Wer aus Kreditnot umschuldet hat keine Marktfreiheit. Er ist an den bisherigen Kreditgeber gebunden. Die Rechtsprechung verbietet es, aus der Not eines Kreditnehmers Vorteile zu erstreben. Dies  gilt vor allem für Umschuldungssysteme, bei denen sich statistisch nachweisen lässt, dass die Zwangslage bewusst herbeigeführt wird und die Konditionen ständig verschlechtert werden. Der strafrechtliche Wucherparagraph muss hier ausgedehnt werden auf systemischen Wucher.

Jetzige Fassung: §291 StGB „1) Wer die Zwangslage, die Unerfahrenheit, den Mangel an Urteilsvermögen oder die erhebliche Willensschwäche eines anderen dadurch ausbeutet, dass er sich oder einem Dritten“

Neue Fassung: „Wer die Notlage, die sich durch Überschuldung, Zwang … ergibt ausbeutet oder durch die Gestaltung von Absatz oder Produkten Systeme entwickelt, in diesen solche Zwangslagen entstehen, dass er sich …“

4. Was werden sie tun, um die Belastung von Migranten bei Überweisung an ihre Familien zu Hause mit bis zu 20% des Betrages durch Gebühren zu verhindern?

Antwort:

Innerhalb des Euroraums dürfen Überweisungen nicht teurer sein als innerhalb Deutschlands. Warum aber sollen Banken dann bei 150 € Überweisung in die Türkei mehr als 20% der Summe als Gebühr einbehalten dürfen? Es geht nicht, dass Arbeitnehmer aus der Türkei so ausgebeutet werden, dass es sich für sie fast schon lohnt, sich an die wucherischen privaten Geldtransferfirmen zu wenden.

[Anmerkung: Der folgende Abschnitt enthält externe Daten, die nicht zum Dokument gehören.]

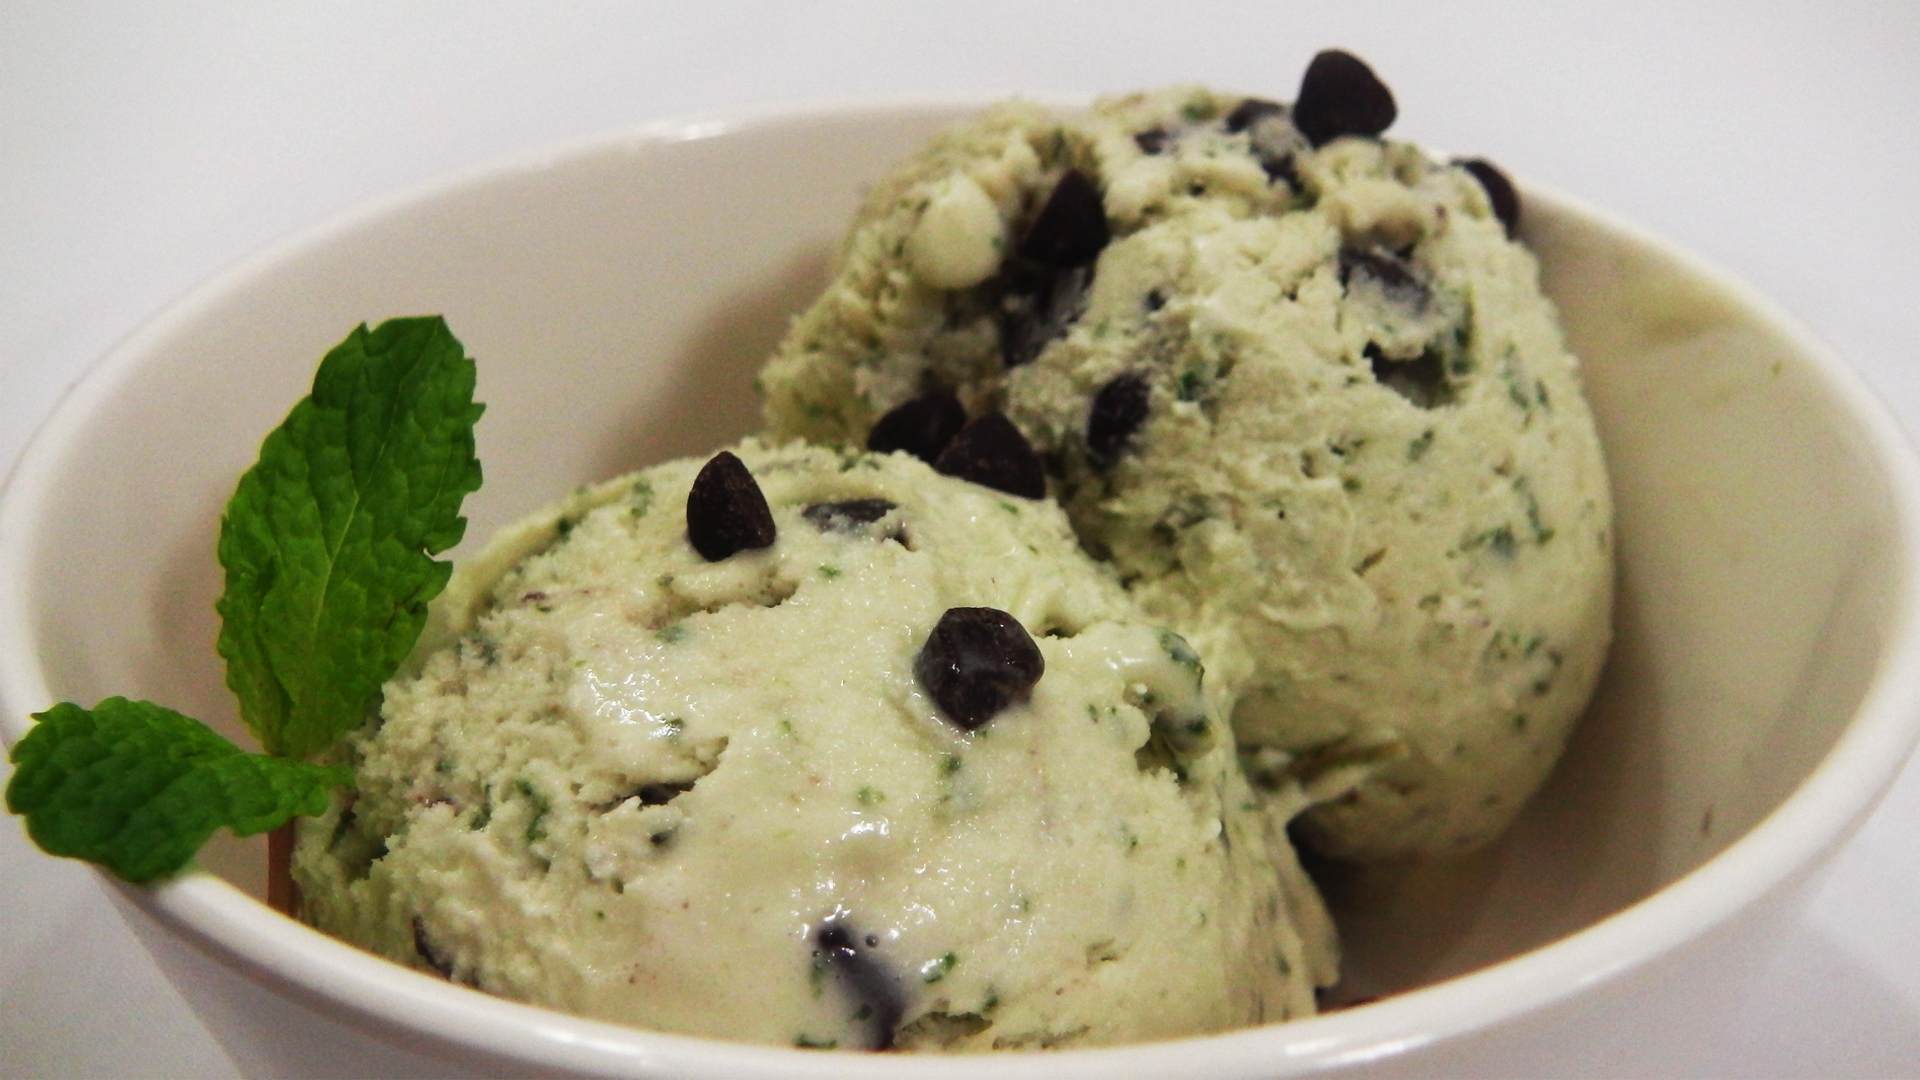 Mint Chocolate Ice Cream - Beat the Heat | Without Ice Cream Maker | Eggless - Foolproof Recipe

Die BaFin muss die Überweisungsentgelte erfassen und überwachen. Wucher muss verhindert werden.

5. Was werden sie tun, damit der Anteil der Schulden Überschuldeter der nicht in Darlehen besteht, die der Kunde nutzen konnte, sondern aus den darauf aufgeschlagenen Kosten, Gebühren, Zwangsvollstreckungskosten, Umschuldungverlusten und Verzugszinsen nicht weiter steigt?

Antwort:

Das Bürgerliche Gesetzbuch kennt das Zinseszinsverbot, eine Deckelung von Verzugszinsen und das Prinzip, dass außergerichtliche Beitreibungskosten nur dann ersetzt verlangt werden können, wenn sie objektiv notwendig sind. Die Bundesregierung hat diese Prinzipien aufgeweicht. Durch Umschuldungen kann man Zinsen in Kapital verwandeln und darauf Zinsen nehmen. Verzichtet man bei Überschuldeten auf Kreditkündigung, so kann man die Verzugszinsdeckelung umgehen. Schaltet man einen Anwalt ein, so gilt dies immer als notwendig, auch wenn die Anwaltsbüros nichts anderes als ausgelagerte Abteilungen sind.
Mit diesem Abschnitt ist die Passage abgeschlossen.